Narodowy Bank Polski – nie pierwszy zresztą raz – wskazuje na poważną w jego opinii lukę w polskim systemie emerytalnym. Chodzi o to, że w przypadku dobrowolnych oszczędności emerytalnych – gromadzonych np. na PPK czy na IKE, ale także poza filarami emerytalnymi – właściwie nie istnieje w Polsce mechanizm wypłaty tych środków w formie dożywotniego świadczenia. Rozmowy w gronie ubezpieczycieli trwają na ten temat od lat, ale na razie mało kto oferuje takie rozwiązania. Ze strony Polaków też nie widać szczególnego zainteresowania tymi produktami.

 

 

Narodowy Bank Polski w swoich uwagach do projektu ustawy o ogólnoeuropejskich indywidualnych produktach emerytalnych (OIPE) podjął ważny temat. Chodzi o – jak pisze NBP – „brak możliwości otrzymania świadczenia emerytalnego w formie renty dożywotniej” z systemu dobrowolnych oszczędności emerytalnych. Co to oznacza?

W polskim systemie emerytalnym, w ramach drugiego lub trzeciego filara emerytalnego, jest sporo rozwiązań służących długoterminowemu gromadzeniu oszczędności. Mamy Pracownicze Plany Kapitałowe (PPK), Pracownicze Programy Emerytalne (PPE), Indywidualne Konta Emerytalne (IKE), Indywidualne Konta Zabezpieczenia Emerytalnego (IKZE). Każdy z nich ma oczywiście nieco inne cechy, ale łączy je jedno – po ukończeniu pewnego roku życia (zwykle 60-65 lat) ich uczestnik po prostu zostaje z jakąś sumą uzbieranych przez lata pieniędzy. Może wydać je od razu, może podzielić je sobie na transze i sięgać po określoną kwotę co miesiąc. Może nawet ustalić, będzie otrzymywać środki w ratach. Rzecz jasna można (i warto) odkładać środki z myślą o emeryturze także zupełnie indywidualnie, poza filarami emerytalnymi.

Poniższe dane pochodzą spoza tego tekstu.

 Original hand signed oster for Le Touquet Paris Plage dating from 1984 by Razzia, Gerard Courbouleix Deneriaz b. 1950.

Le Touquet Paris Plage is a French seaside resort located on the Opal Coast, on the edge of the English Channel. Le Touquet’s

Nadal jednak to określona kwota środków, która w pewnym momencie może się skończyć. To uczestnik tych programów mierzy się z tzw. ryzykiem długowieczności. Oznacza to, że nawet gdyby ktoś oszczędnie gospodarował środkami i np. założył, że będzie z nich korzystał do 85. roku życia, to jeśli dożyje bardziej sędziwego wieku, po prostu zapasy pieniędzy mu się wyczerpią, co obniży jego komfort życia. I to w momencie, gdy prawdopodobnie potrzeby finansowe seniora (np. na leki czy opiekę) będą wysokie.

Inaczej jest w przypadku pierwszego, „zusowskiego” filara emerytalnego. Świadczenie z ZUS jest wypłacane dożywotnio. Nie dojdzie do sytuacji, gdy pieniądze na emeryturę się wyczerpią. ZUS wypłaca świadczenie na podstawie kwoty zgromadzonych przez emeryta składek oraz jego szacowanej dalszej długości życia – ale jeśli ten go „zaskoczy” i będzie żył dłużej, nadal otrzymuje emeryturę.

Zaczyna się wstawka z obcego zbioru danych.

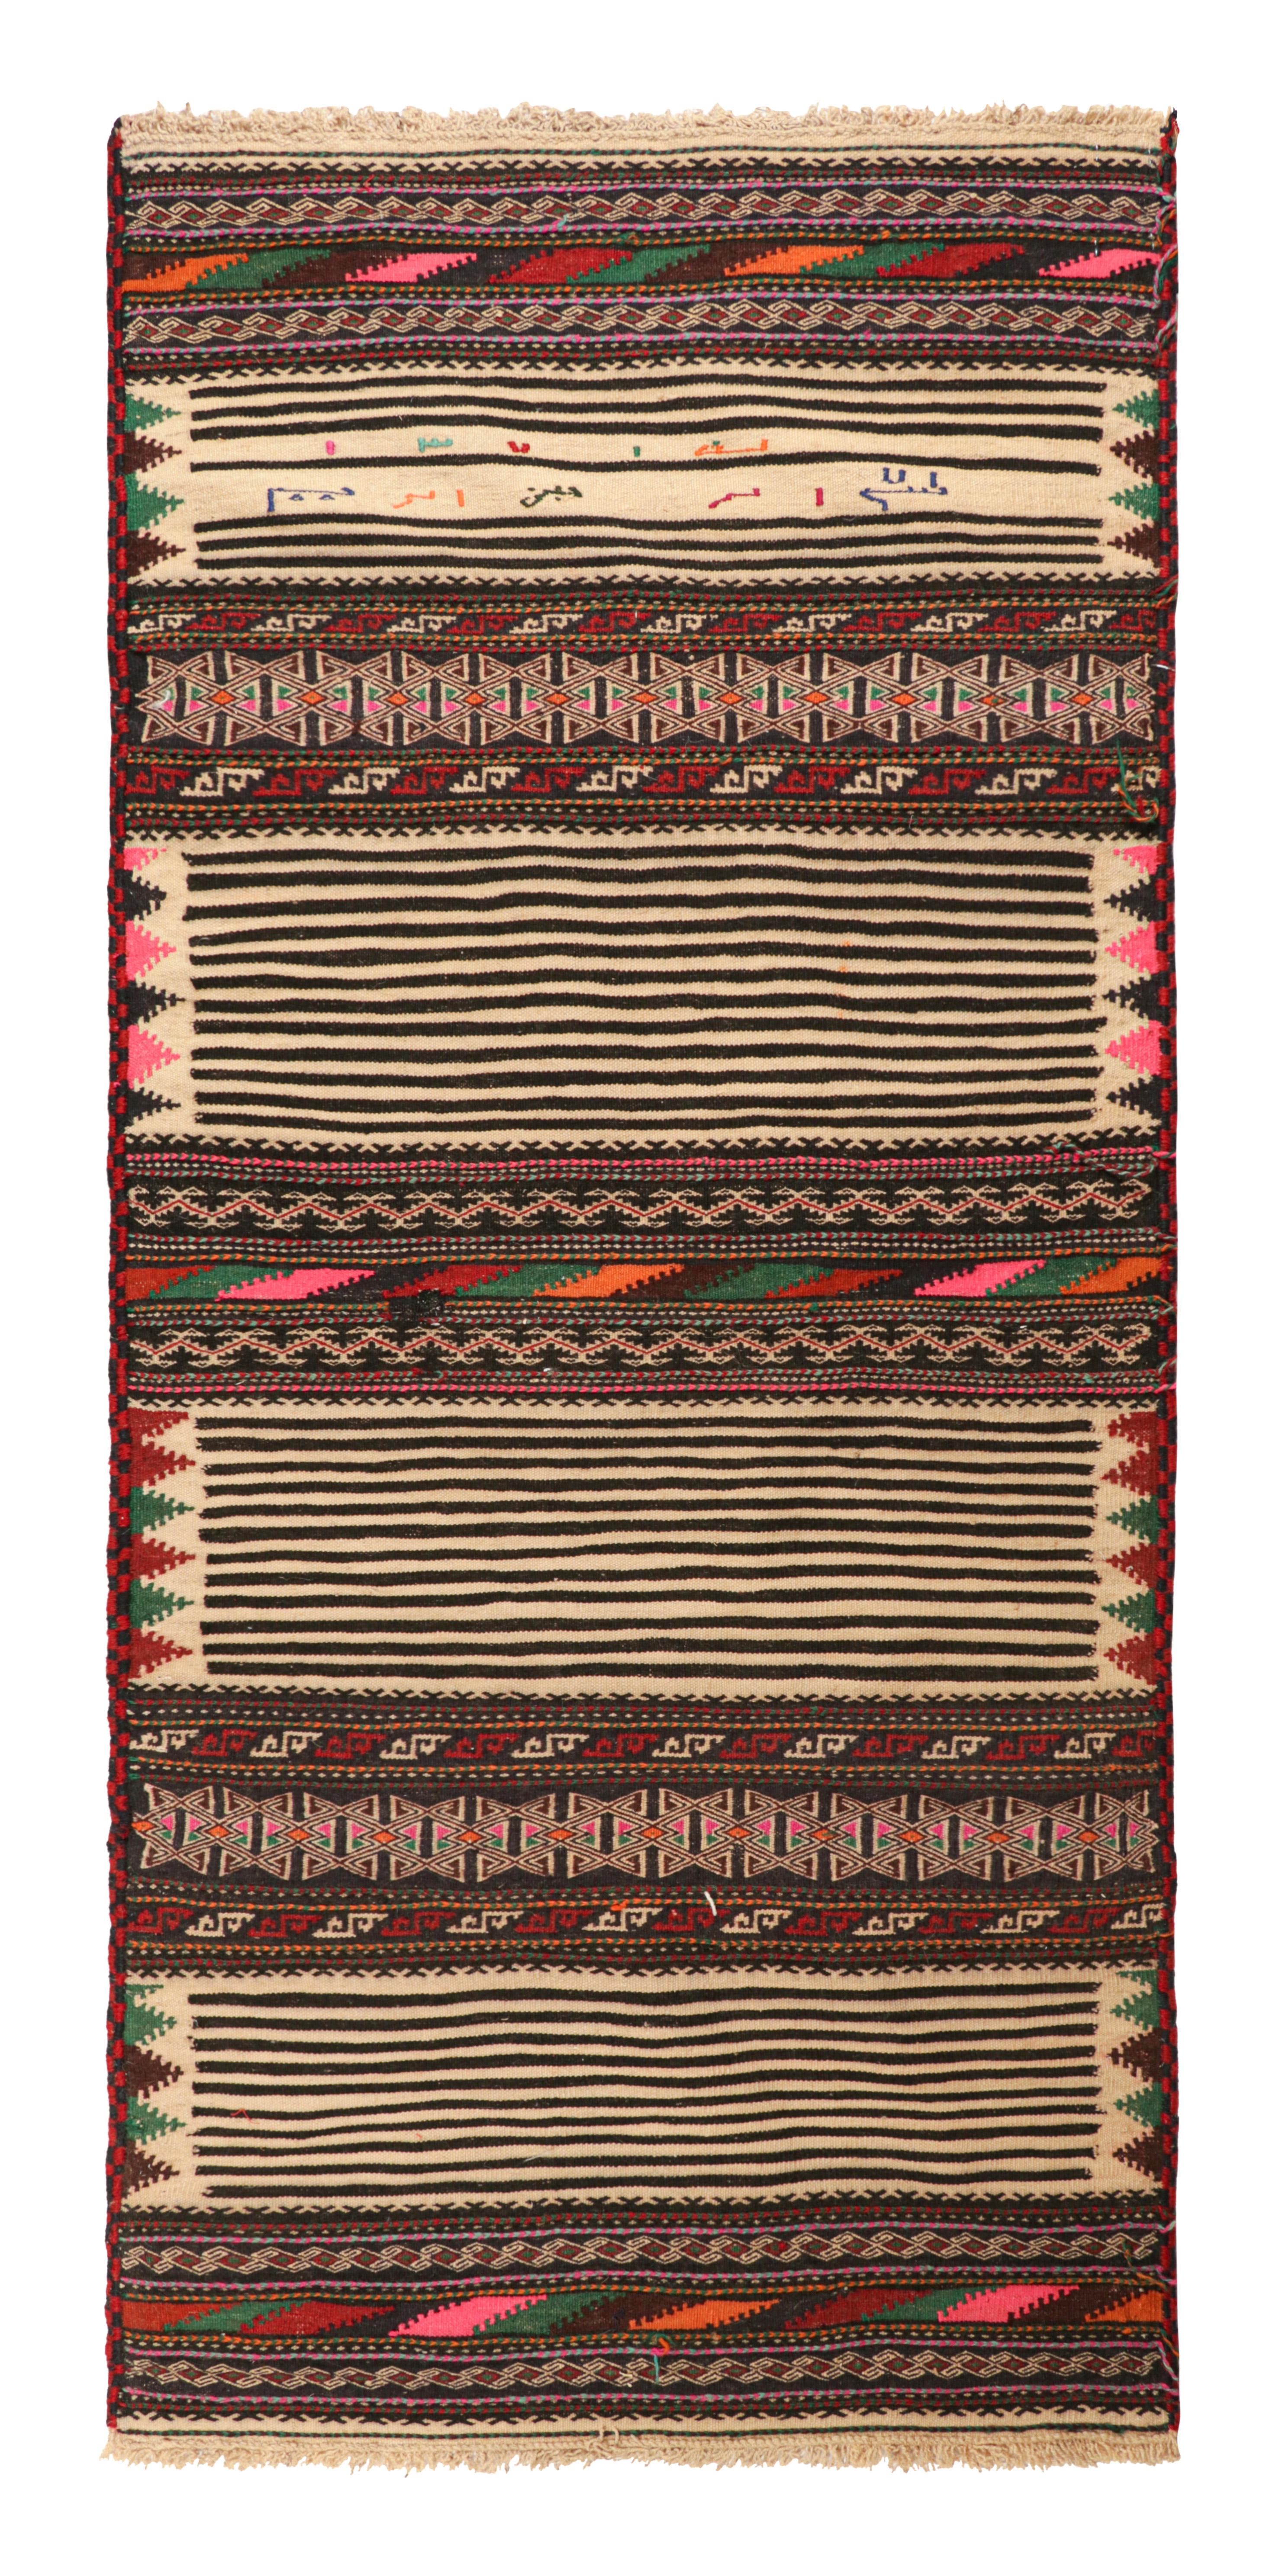 Vintage Afghan Kilim with Polychromatic Geometric Patterns, from Rug & Kilim For Sale

Stąd właśnie szereg ekspertów i instytucji – teraz (zresztą nie pierwszy raz) NBP – zwraca uwagę na ten problem w polskim systemie emerytalnym. Produktów do dobrowolnego gromadzenia oszczędności na „jesień życia” mamy w bród, ale w gamie rozwiązań służących wypłacie tych środków jest luka – właściwie brak (a w każdym razie – bardzo ograniczony wybór) możliwości skorzystania z rent dożywotnich.

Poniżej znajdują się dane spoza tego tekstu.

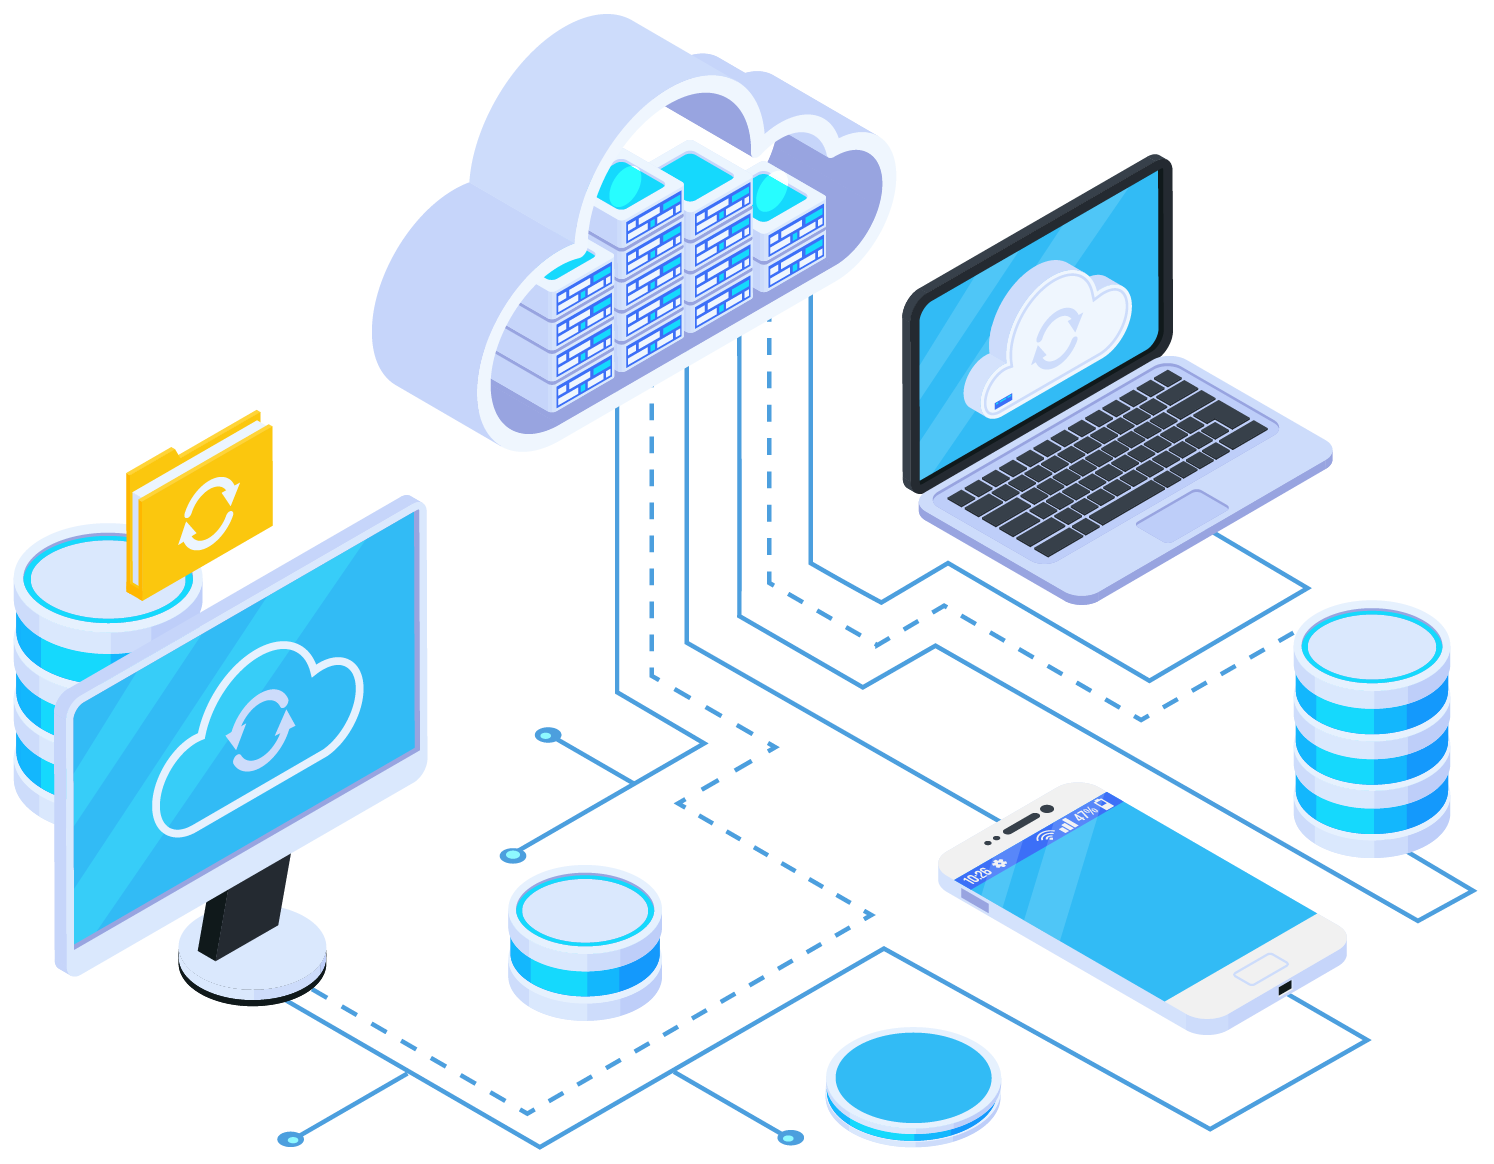 Operating Storage and backup devices interconnected 
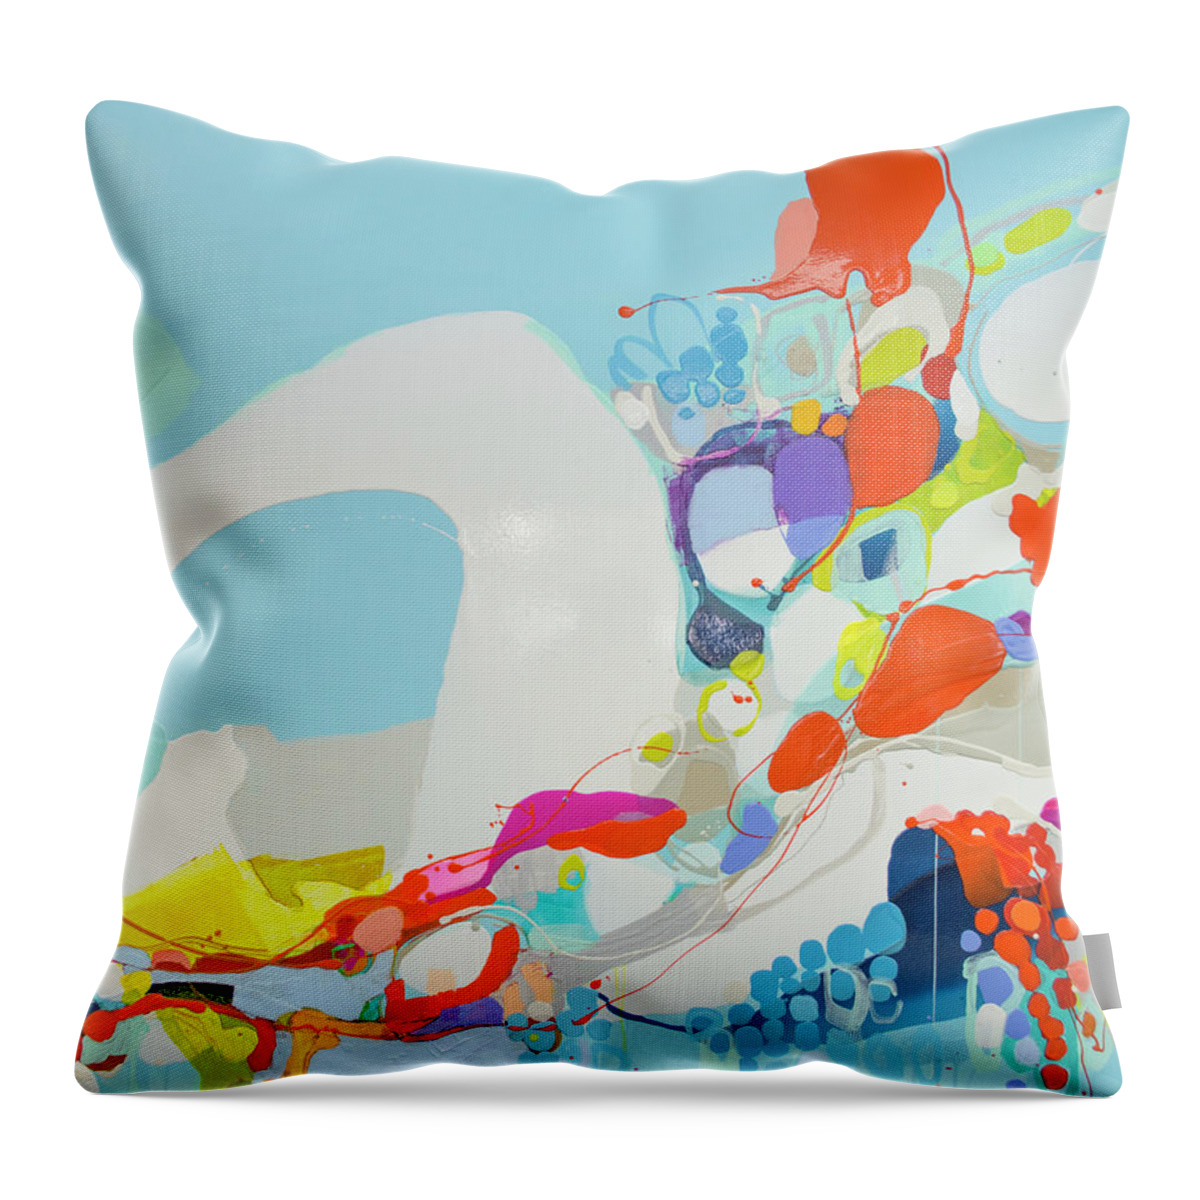 Abstract Throw Pillow featuring the painting When Alexa Moved In by Claire Desjardins

W największym uproszczeniu chodzi o sytuację, w której ktoś mógłby przyjść do towarzystwa ubezpieczeniowego np. z kwotą 100 tys. zł i powiedzieć „proszę mi ten kapitał rozłożyć na dożywotnie, comiesięczne świadczenia”.

Temat powraca regularnie od lat, było głośno o tych wątpliwościach m.in. gdy procedowana była ustawa o Pracowniczych Planach Kapitałowych. Krytycznie o braku mechanizmu dożywotnich wypłat środków zgromadzonych w ramach PPK wypowiadał się wówczas m.in. właśnie NBP, a także ekonomiści z ośrodka badawczego GRAPE.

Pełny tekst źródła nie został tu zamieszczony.